Rush Hour


I find Tuesday’s are the worst for high traffic rush hours. It takes nearly double the time to reach home in the evening. Tonight I got behind a woman with no brake lights and nearly rear-ended her twice! Buried in the lane, I couldn’t move and had to pay close attention to her speed or smash into her. No autopilot driving for moi. It was necessary to stay centered and mindful of the moment and movement.

Mindful living requires standing centered looking out with open eyes, an open mind and an open heart. Moving through the day is much like driving in rush hour. We’re interacting with family members, friends, colleagues and neighbors navigating relationship traffic throughout the day. Are you mindful of your speed? Of nearly crashing into someone with words moving too fast? Did you actually notice the person who walked into your office trying to mask the sadness of losing a loved one? Or was it glossed over with conversation about which project was due when. Turn off the autopilot.
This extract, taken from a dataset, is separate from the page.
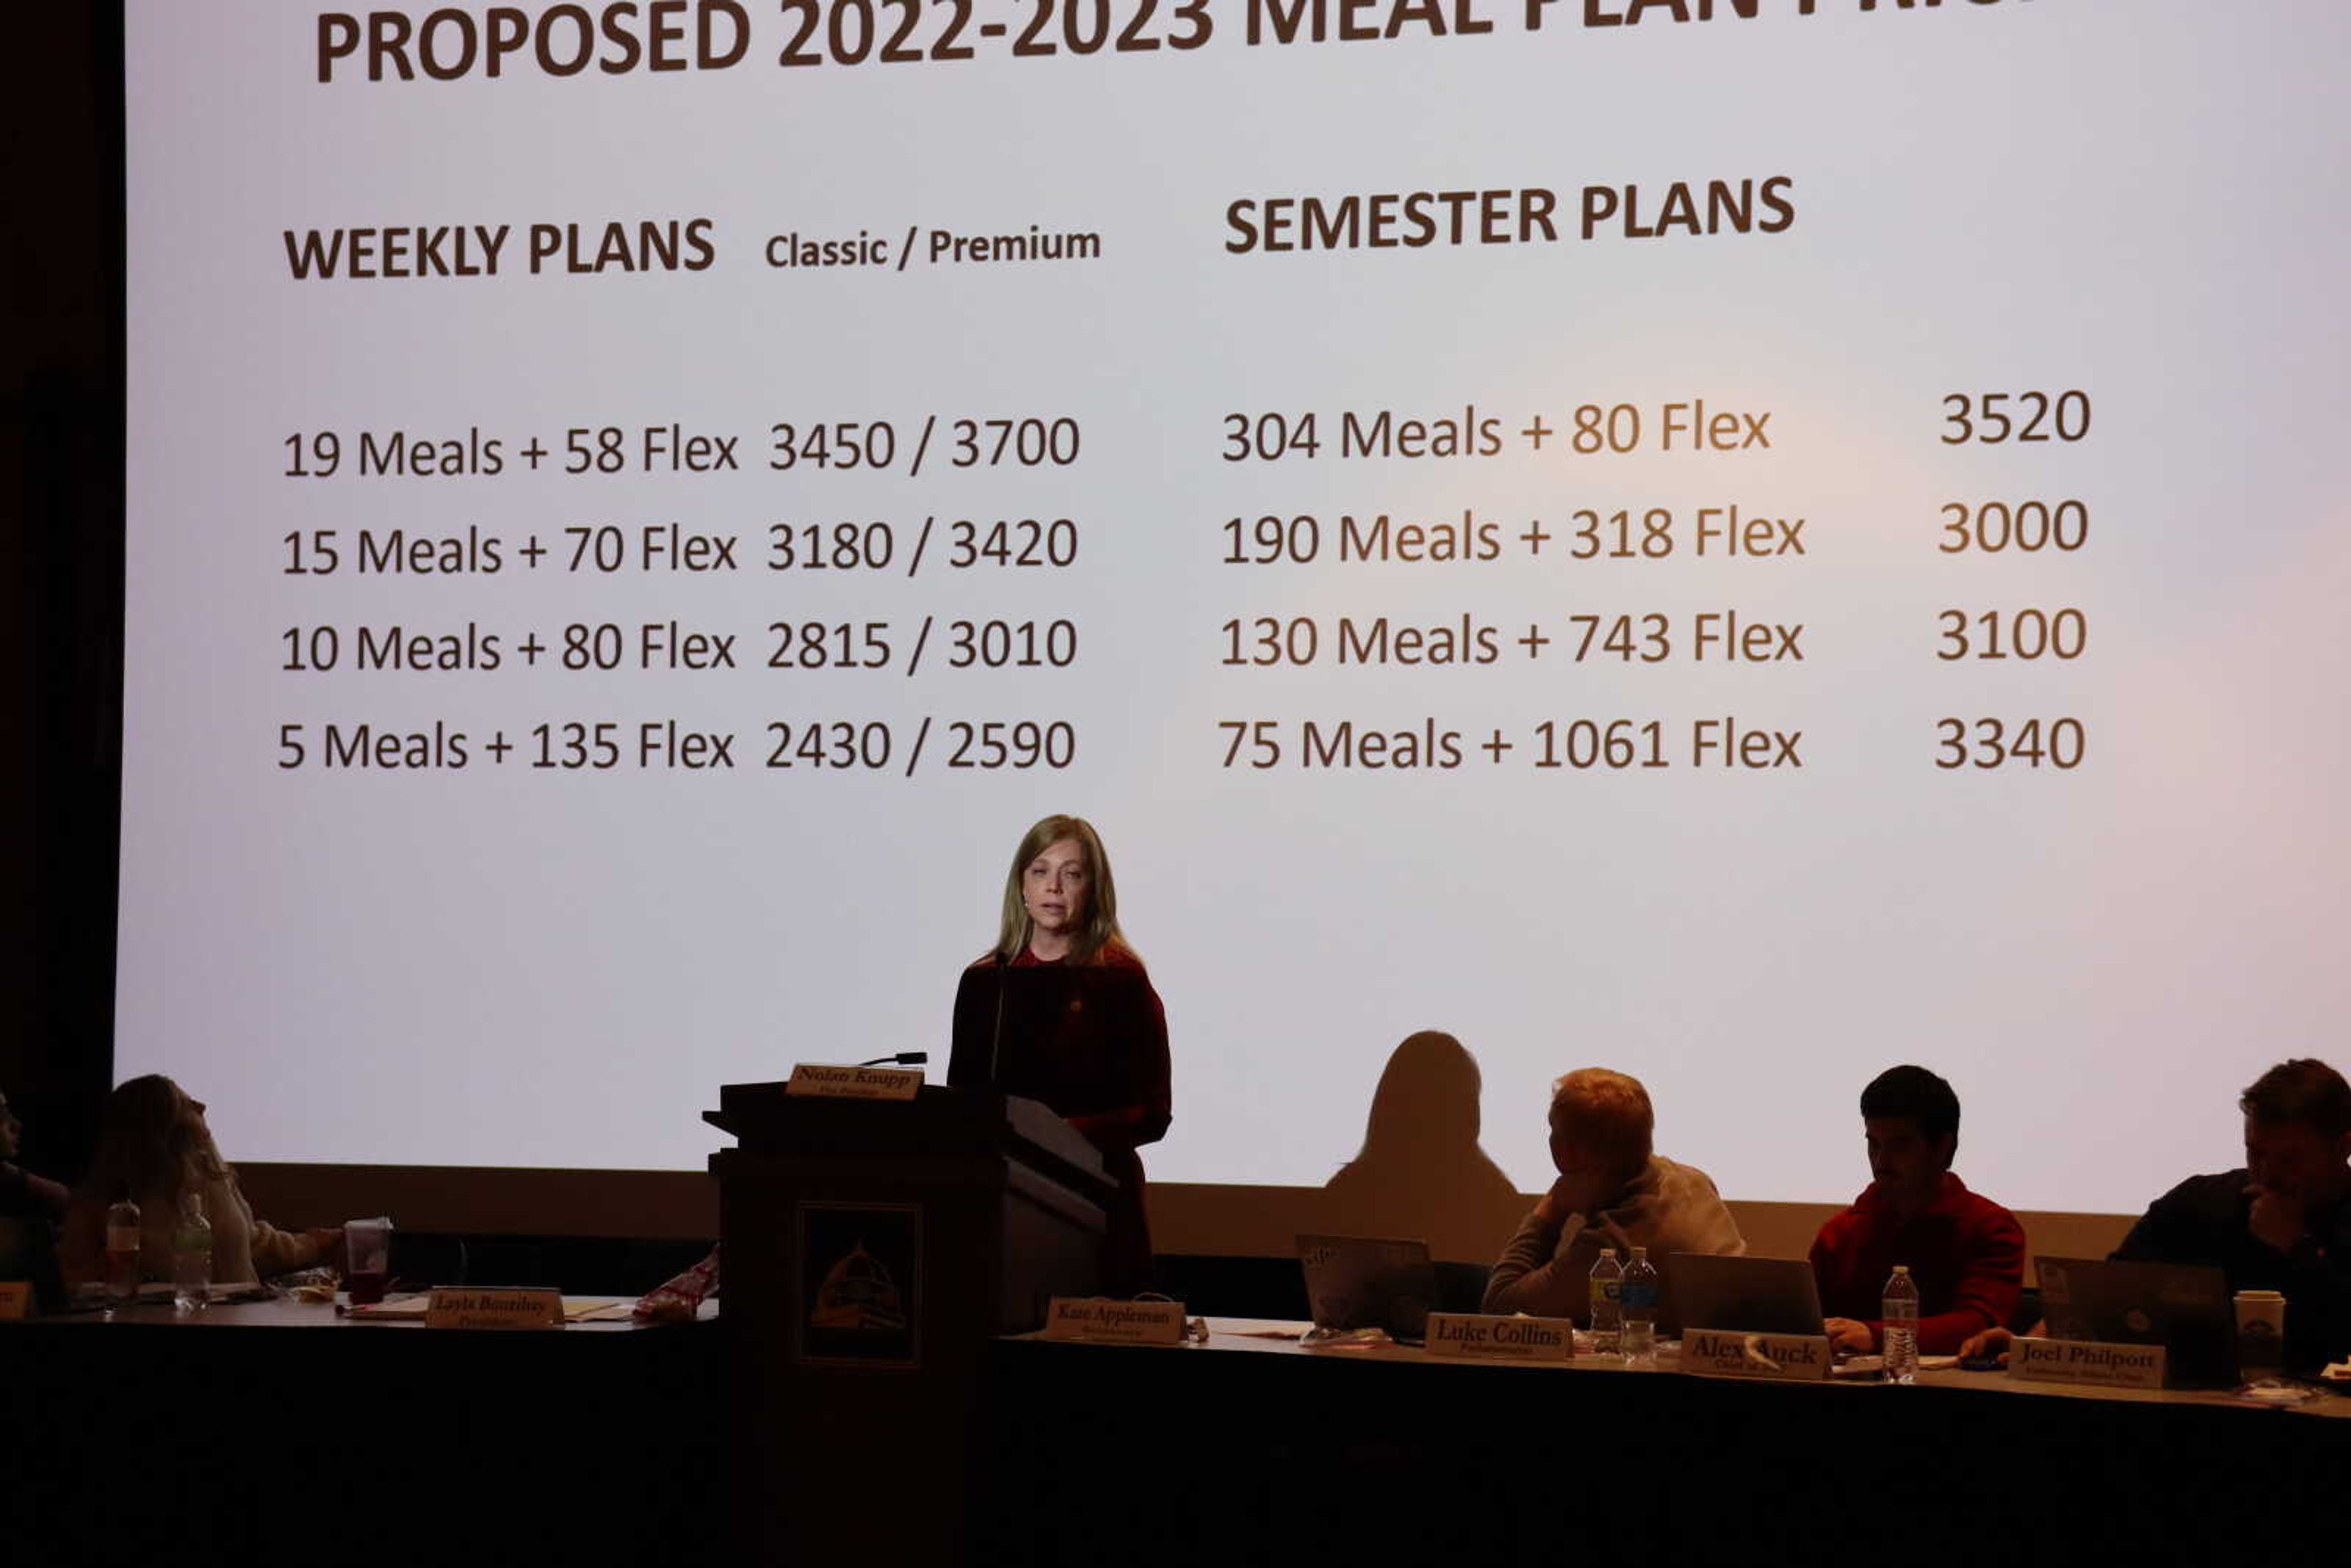 Vice President of Enrollment Management and Student Success Debbie Below shares the new meal plan numbers before Student Government. The image behind reflects the price comparison between the two plans.
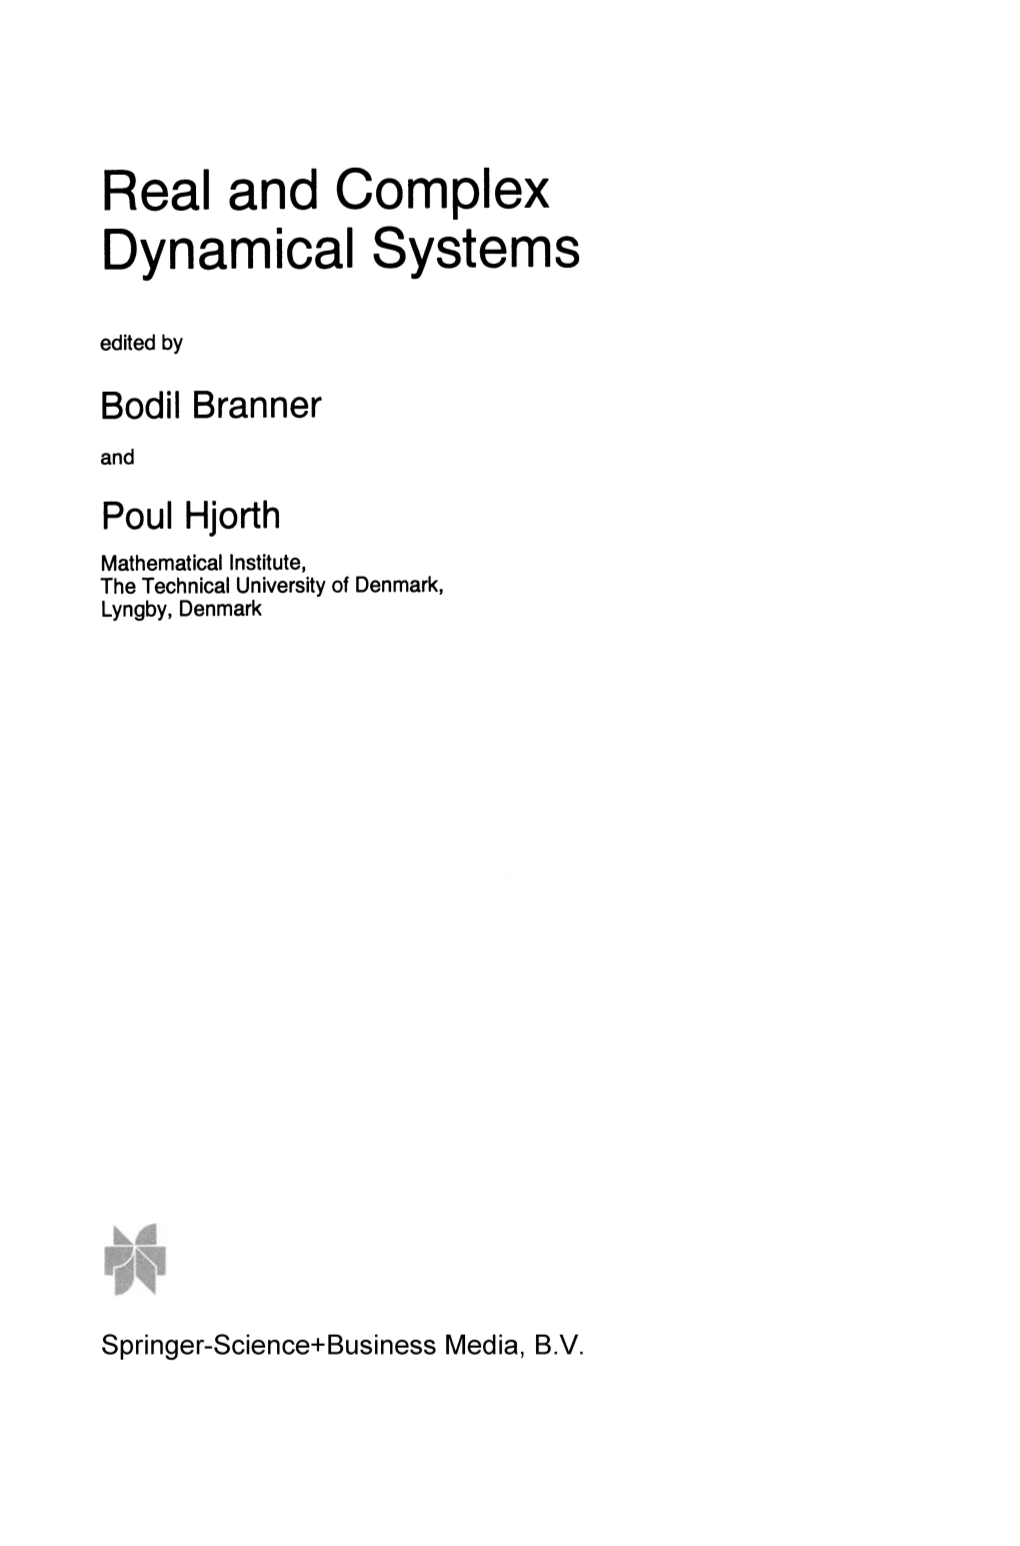 Real and Complex Dynamical Systems Edited by Bodil Branner and Poul Hjorth Mathematical Institute, the Technical University of Denmark, Lyngby, Denmark

As physical expressions of Spirit we are responsible for each other. When you look into the eyes of that colleague attempting to mask her feelings, reach out with compassion, she is your sister. When he mentions a sick child and needing to get home early, hear him with kindness. Slow down, listen well, love fully. Remember that we are more than this.

“Be my mirror…the clear, bright, and deathless image that love reflects in me. And wherever I may find You, on the lowest or highest shelves of humanity, wherever my soul searches for You among the broken, among the weary, the lost and forgotten, or among the happy and the free….

May love in you (dear reader) invoke love in others, as glass to living glass, mirror to shining mirror, that Christ may arise in your midst and be reflected anywhere love has a face, a touch, or dares to speak.”    

~ David Teems, 2004

2 responses »

    • Being with kindred Spirit makes it easier to operate with awareness. I’m grateful to be in an environment where this type of mindfulness is the norm and not the exception.